Our struggle against debt domination is
waged in large part to win freedom from the conditions that indebted
governments are blackmailed into accepting. For the September 2006 actions we
demand:
a. In this 50th anniversary year of the International
Finance Corporation (IFC), the IFIs end
the promotion of privatization of public services and the use of public
resources to support private profits.
The IMF and especially the World Bank
have been the main drivers in the global push for the privatization of basic
services. They are joined by other financial institutions like regional
development banks and export credit agencies.

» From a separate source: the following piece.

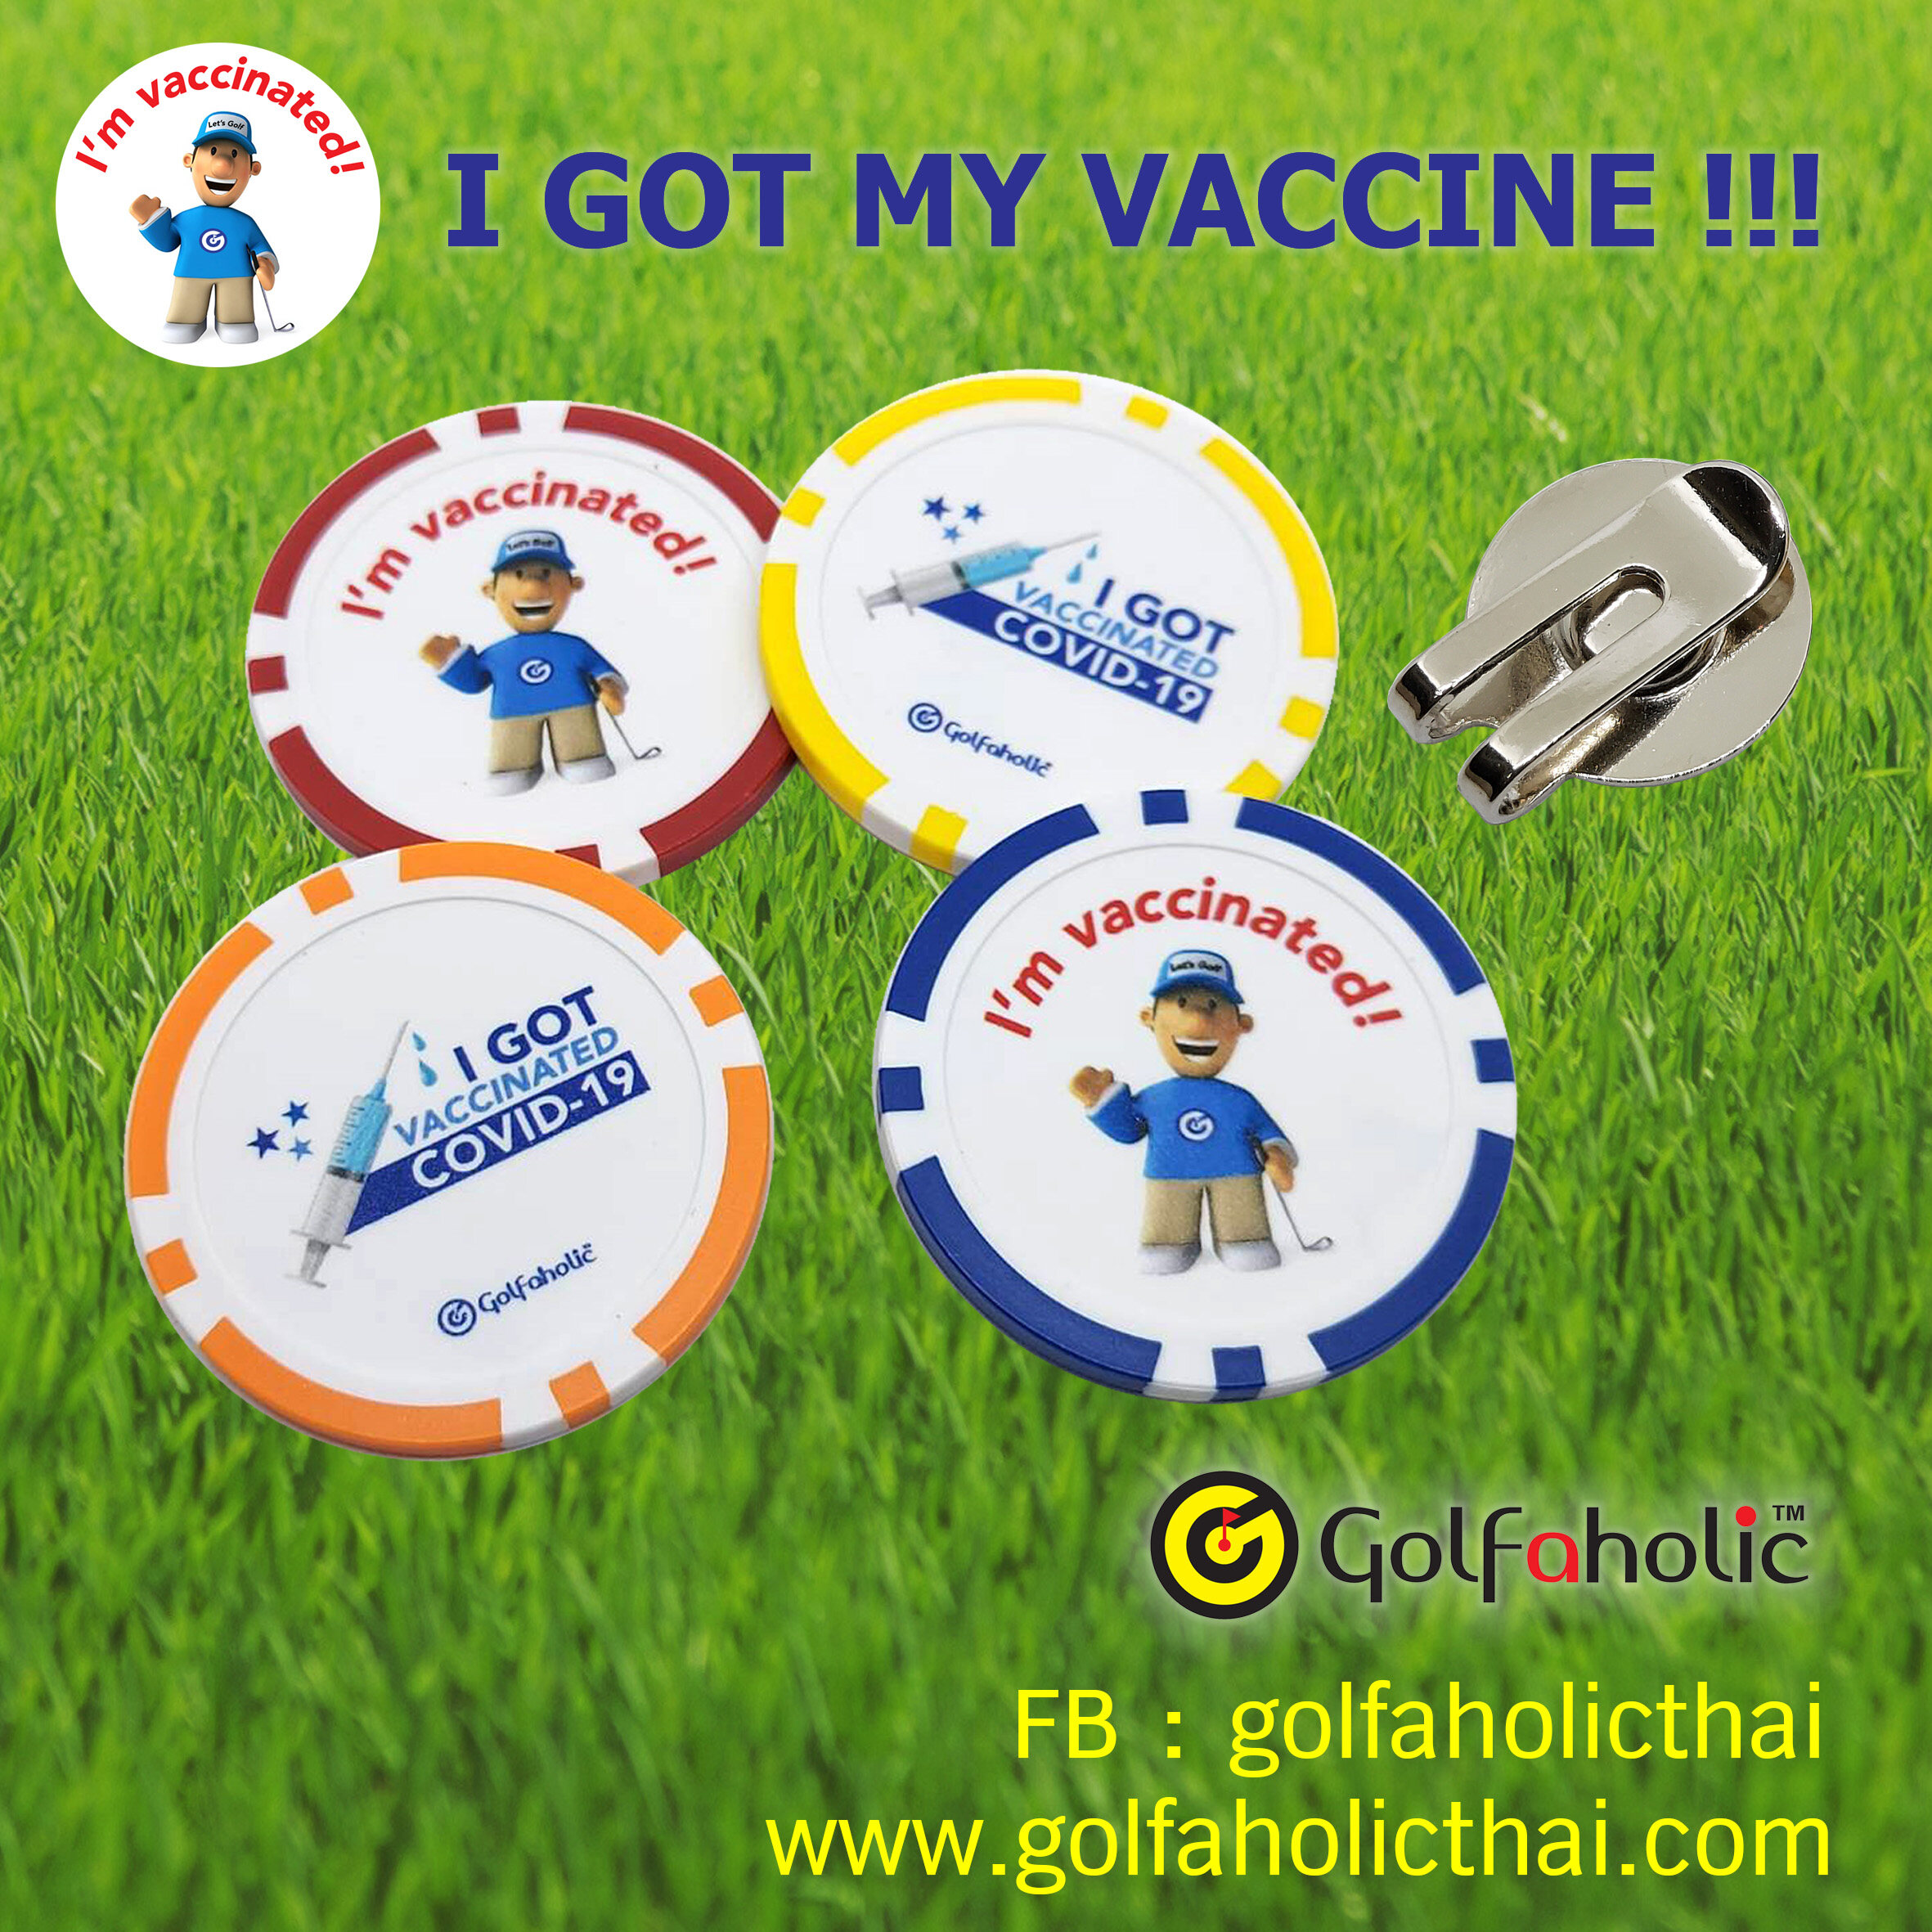 Golfaholic - I AM VACCINATED !! Casino Chip - กอล์ฟบอลมาร์คเกอร์ ฉันฉีดวัคซีนโควิด19 แล้ว คาสิโนชิพ

The international financial institutions
promote privatization of public services through policy conditions and policy
advice, financing of projects that pave the way for privatization, providing
technical assistance in the preparation of feasibility studies as well as the
process of implementation, and even direct support for private companies taking
over public utilities. The International
Finance Corporation plays a major role in providing risk guarantees as well as
equity assistance for these private companies, and facilitating government
bail-outs of privatized utilities in distress.
The continued emphasis on privatizing
basic services such as water provision – or, when no company is interested in
purchasing the utility, arranging leases and service contracts – and the
“commercialization” of even life-saving agencies such as those managing food
reserves reflects a fixation on markets as the only organizing principle for
economies even in the face of overwhelming contradictory evidence. Failure after failure of water privatizations
in the South has not deterred the IFIs from their mission to wrest assets from
public ownership.
Our message to the IFC and its multilateral
partners is clear: no more public resources for support of private profit.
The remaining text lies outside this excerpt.